Noxopharm is also trialling Veyonda in the treatment of septic shock, and in that light, it put the drug through the NOXCOVID trial, which reported in April that in 18 patients diagnosed with moderately severe cases of COVID-19, Veyonda was shown to protect against the progression of cytokine storm, a severe inflammatory condition associated with the worsening of the disease.
“We discovered, just before COVID-19 hit the world, that Veyonda was blocking something called STING (Stimulator of Interferon Genes), which happens to be an important way that the body recognizes that there is a problem,” says Kelly. “Cancer uses the STING mechanism, it exploits it for its own benefit, to spread around the body, but where STING signalling is relevant to COVID-19 is that, in the case of viral infections, it is responsible for antiviral responses, innate immune responses and pro-inflammatory cytokine release.

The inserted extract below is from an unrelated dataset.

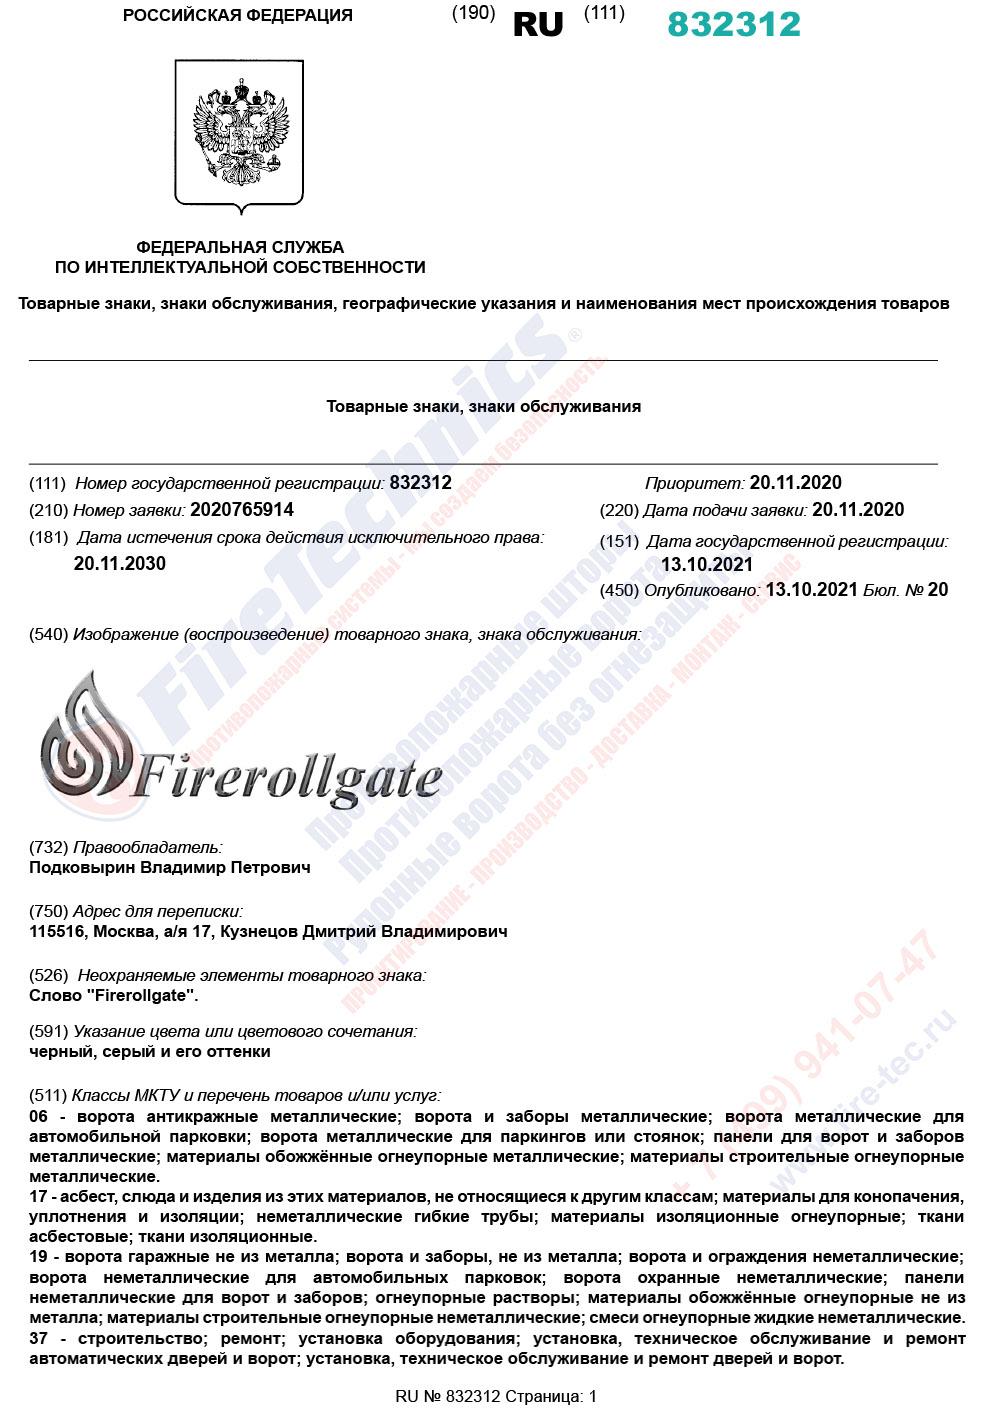 Товарный знак Firerollgate

“Now, STING is a good thing – if you get any sort of virus, you need an immune response. Cytokines, which are proteins that regulate repair information, are involved in that. But STING is also one of the key triggers of cytokine storm, which, in a small percentage of people who’ve got lung damage, that inflammation doesn’t settle down, it just gets bigger and grows and grows – and that’s the cytokine storm. Ultimately, that cytokine storm leads to blood clotting, and the blood flow into the major organs stops. That’s what causes death in some COVID-19 patients,” says Kelly.
Noxopharm has established an offshoot company, Pharmorage, which is working with the Hudson Institute of Medical Research in Melbourne and the Australian National University (ANU) in Canberra, focusing on Veyonda’s potential role in a range of chronic inflammatory diseases as well as hyper-inflammatory diseases such as septic shock. The company sees its drug platform as having potential in a number of auto-immune diseases, which, just like its cancer applications, are in urgent need of better treatments.

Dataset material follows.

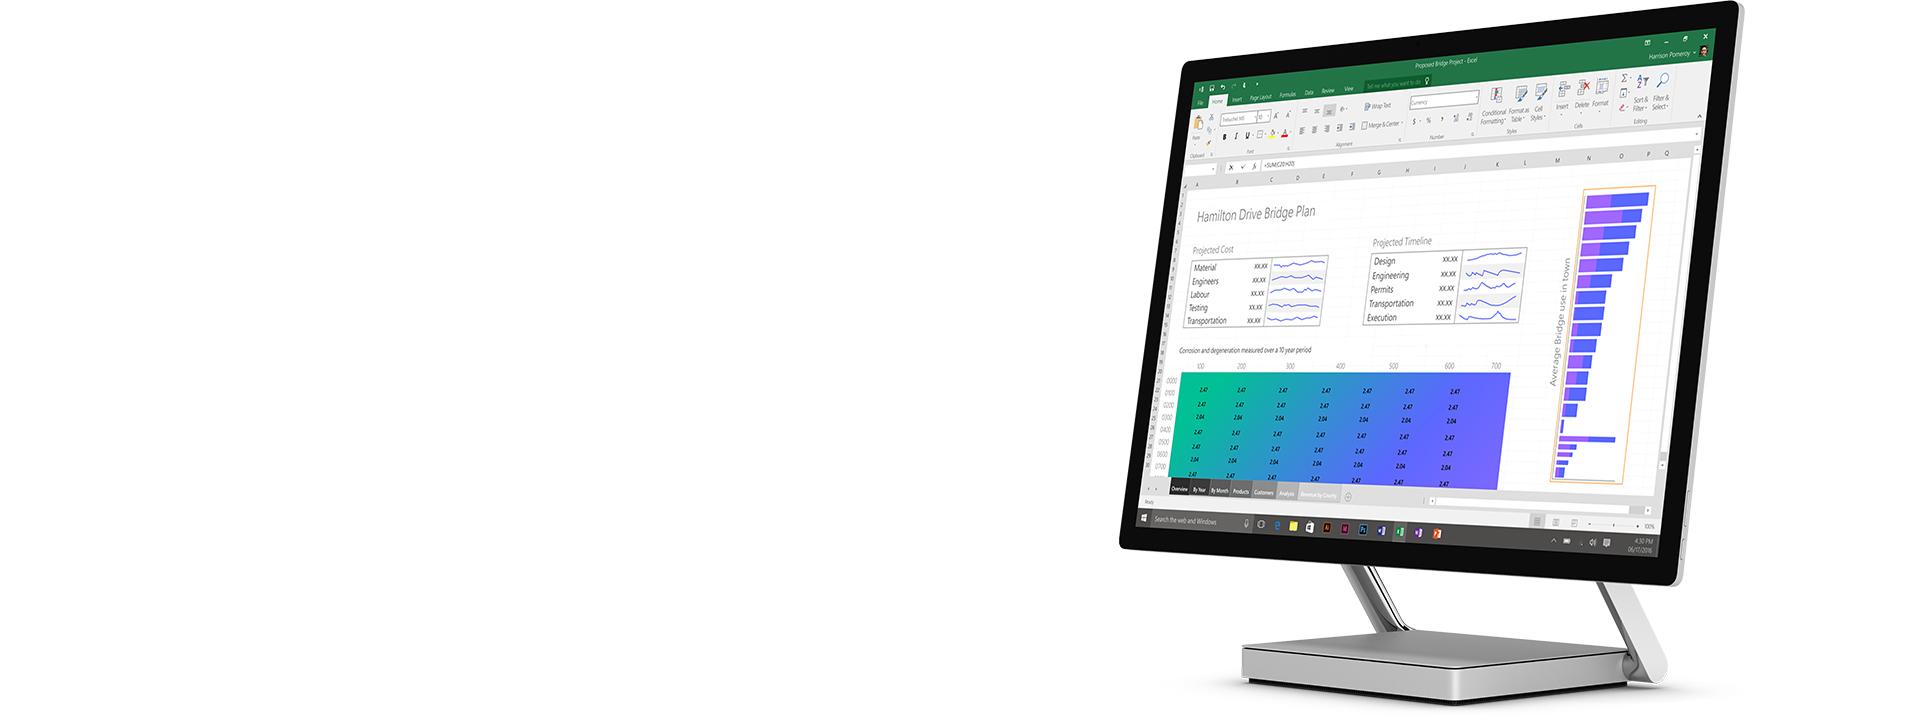 Surface Studio 採用桌上型電腦模式,並且螢幕上顯示已開啟的 Excel 試算表

Pharmorage is leveraging off the promise of Veyonda in blocking STING signalling, cytokine storm and septic shock in COVID-19 patients. Veyonda is showing what is possible, and Pharmorage seeks to build on that promise by developing drugs with greater focus on septic shock. Given the pre-eminence of septic shock as a cause of human death, this opportunity is too valuable and too important to ignore,” says Kelly.
“We share the growing view of many experts that the SARS-CoV-2 virus will move from pandemic to endemic status, in the way of the influenza virus, resulting in many seasonal deaths due to septic shock. Finding effective treatments to prevent septic shock has always been there, but suddenly it has become a major pandemic-led imperative.”
The cancer work Noxopharm is doing under the ‘Four Pillars’ program is “keeping us pretty busy,” he says, but there is also “some pretty exciting stuff” coming up in auto-immunity. “It’s a long pathway toward a successful drug, and we’re very confident in our drug, but there’s still a lot of work to do in Noxopharm before we can declare victory,” says Kelly.
Noxopharm listed in August 2016 at 20 cents a share, and has a record high trade of $1.32 in March 2018. More recently, from 13 cents at the depths of the “COVID Crash” in March 2020, the stock has moved to 70 cents, giving it a market capitalisation of $192 million.